* _Supplied data_:
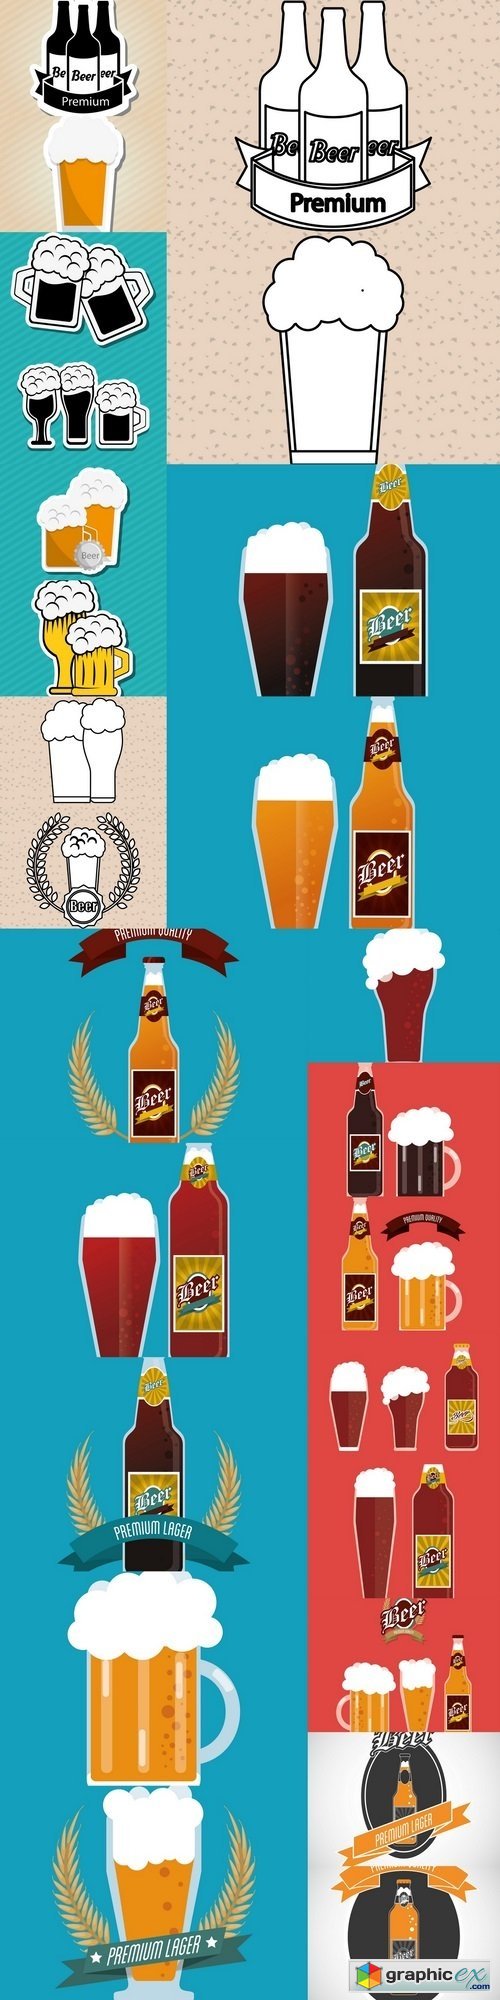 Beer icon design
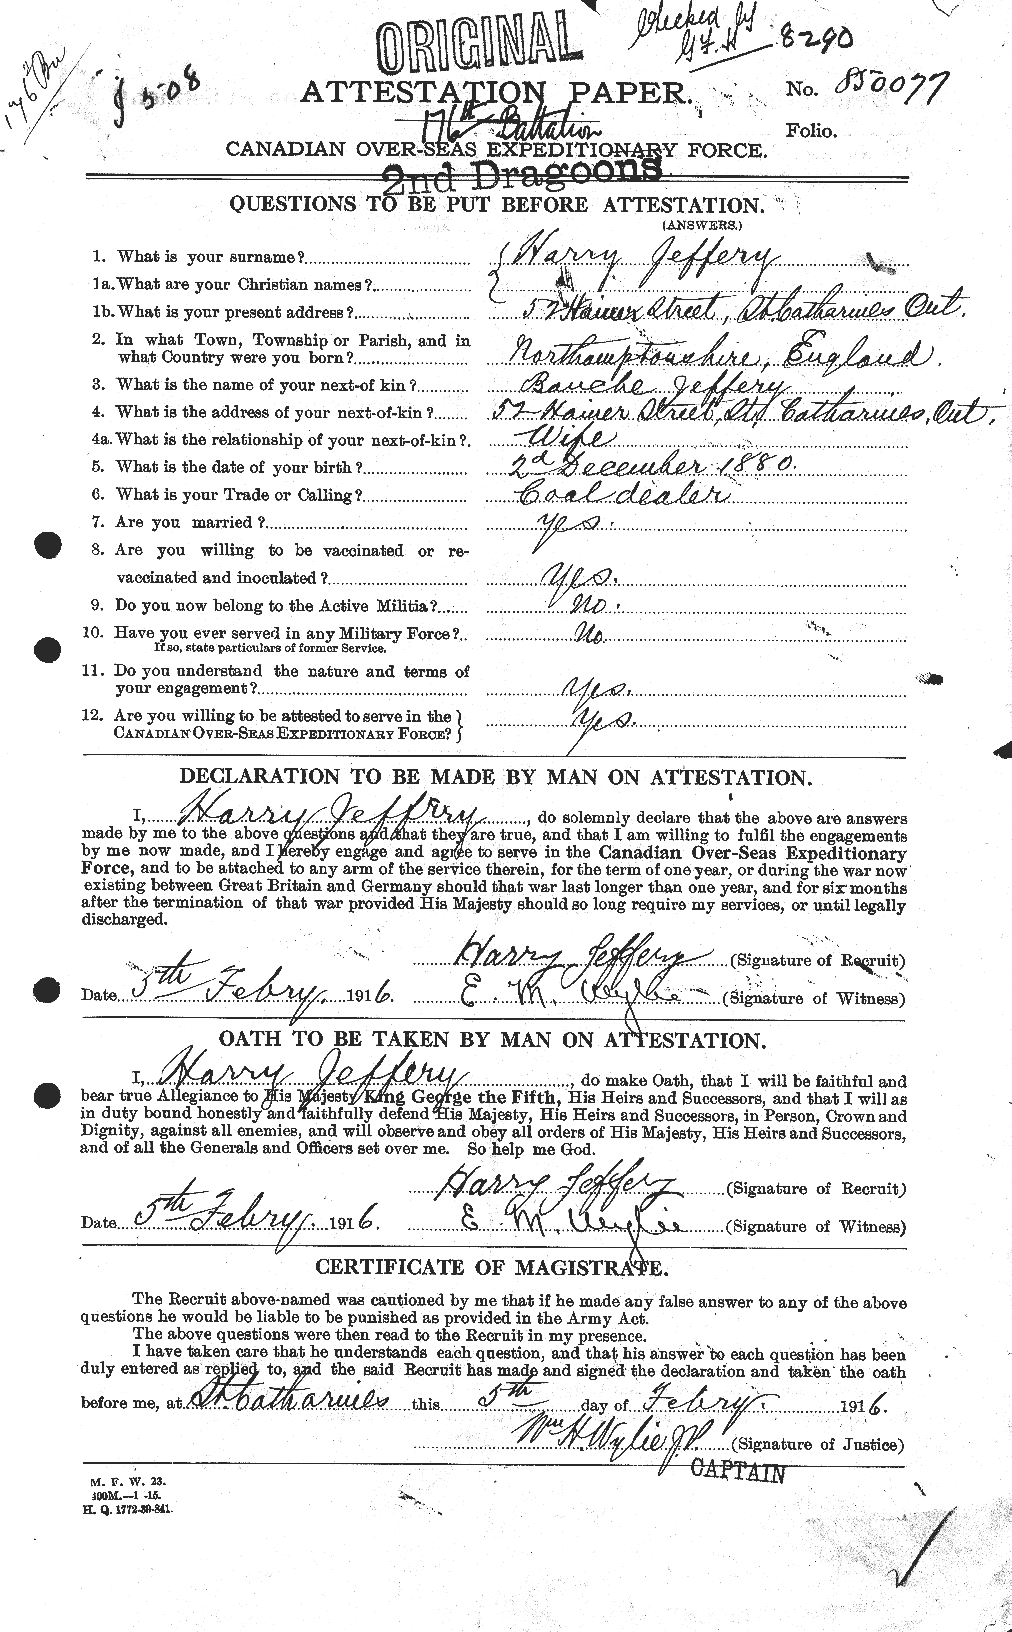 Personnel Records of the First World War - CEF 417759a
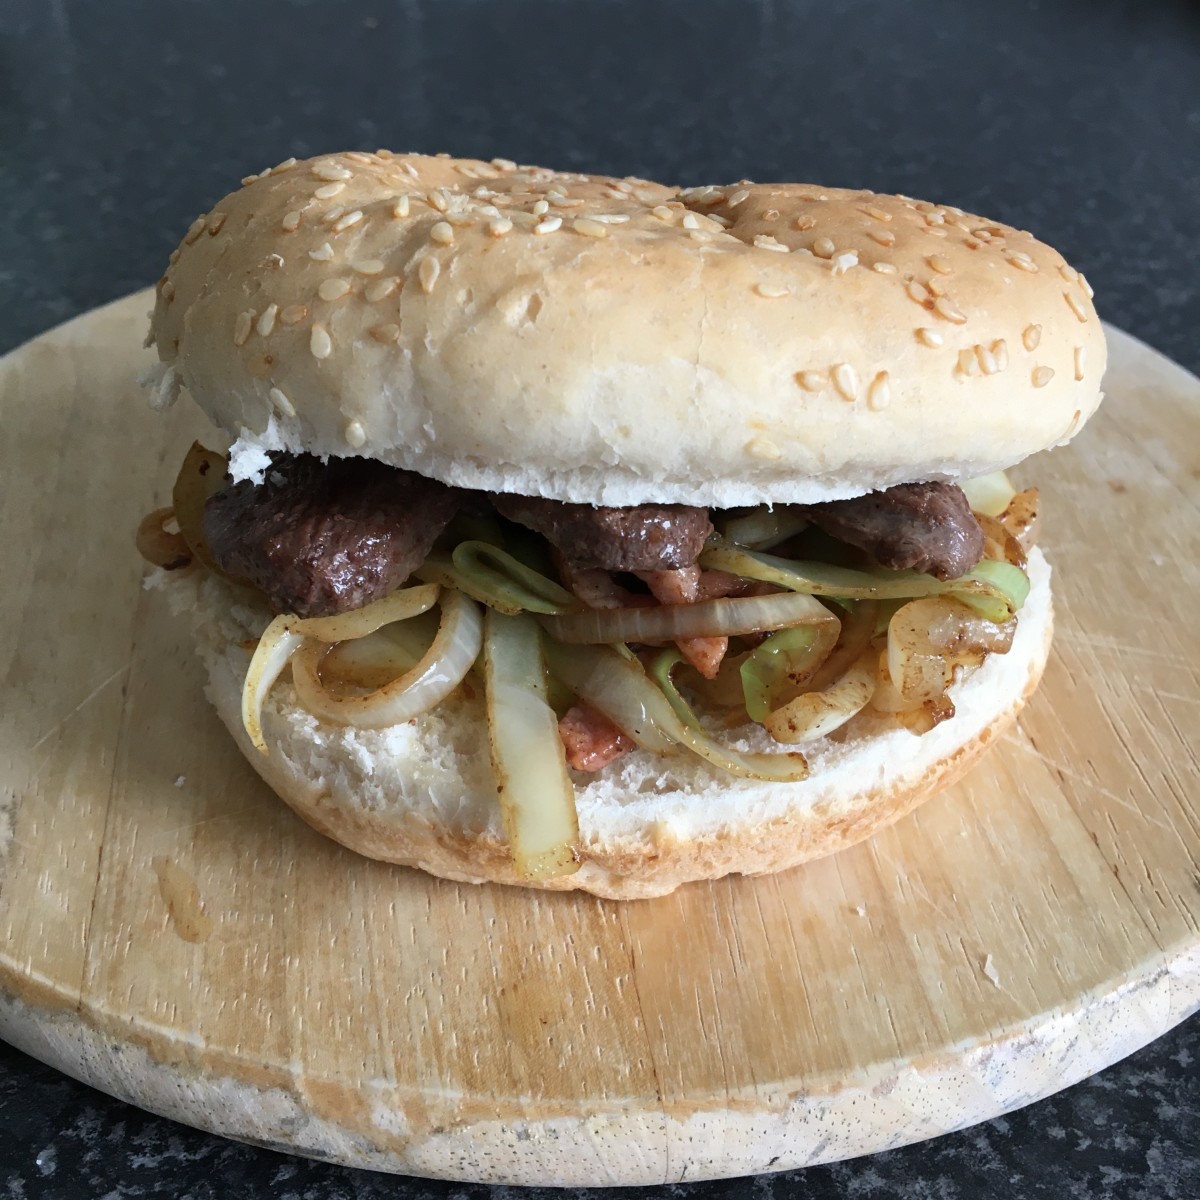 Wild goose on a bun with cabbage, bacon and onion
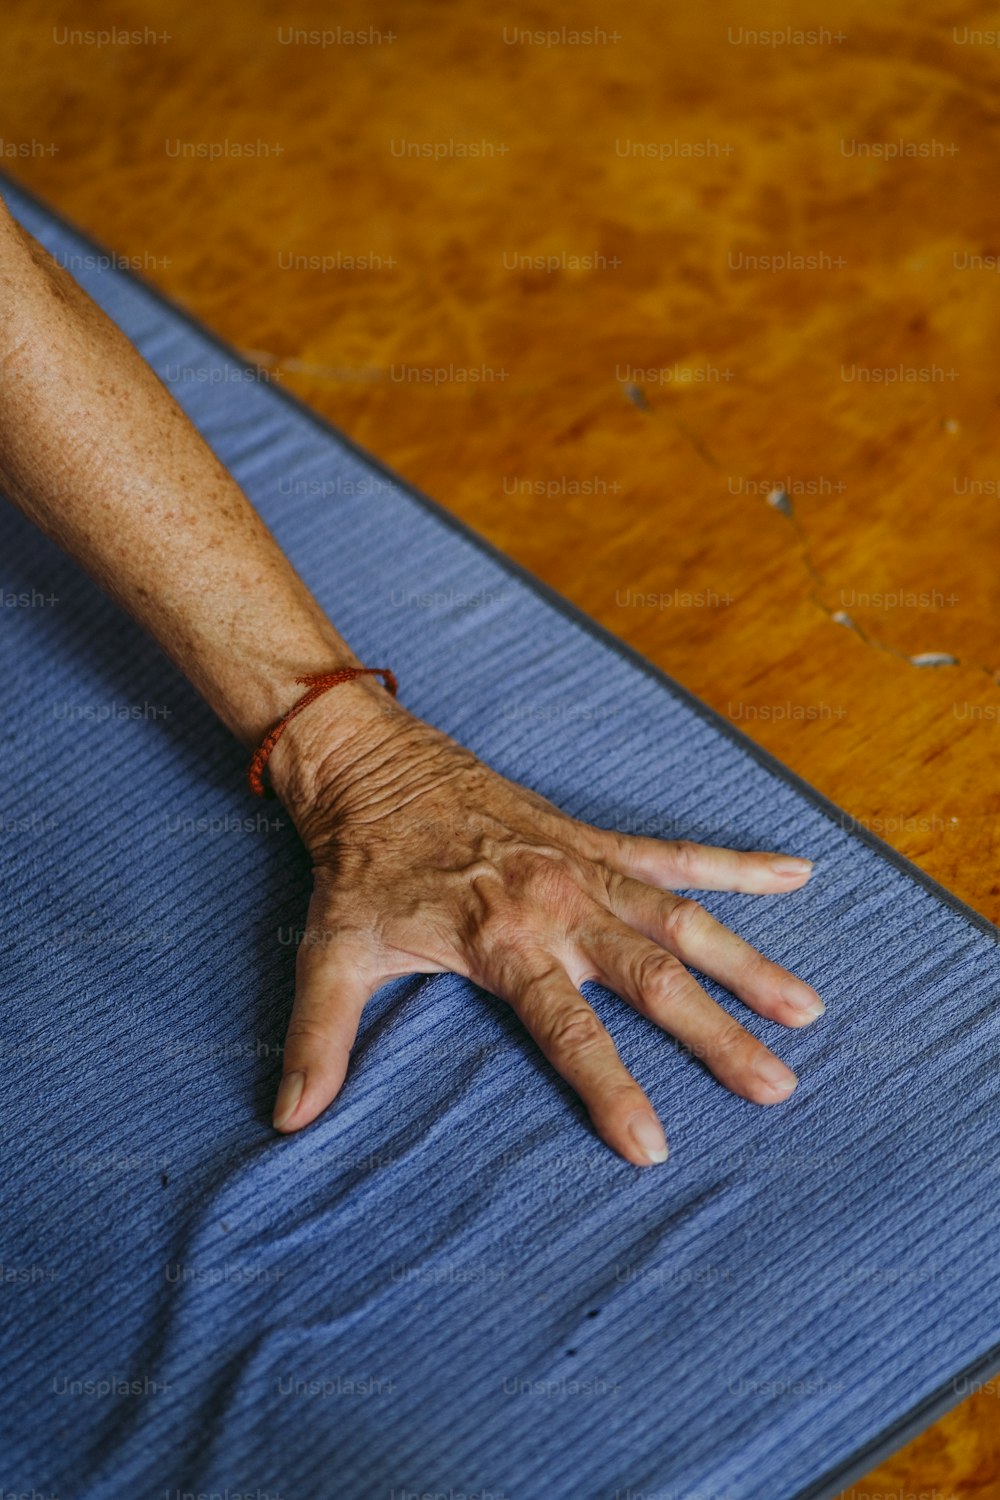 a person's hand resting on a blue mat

* _What the exercise asks_:
Only the lines from the one holding "Personnel Records of" through the end of the data are to be printed, exactly as they stand and with no pictures.

* _Result for this exercise_:
 Personnel Records of the First World War - CEF 417759a
 Wild goose on a bun with cabbage, bacon and onion
 a person's hand resting on a blue mat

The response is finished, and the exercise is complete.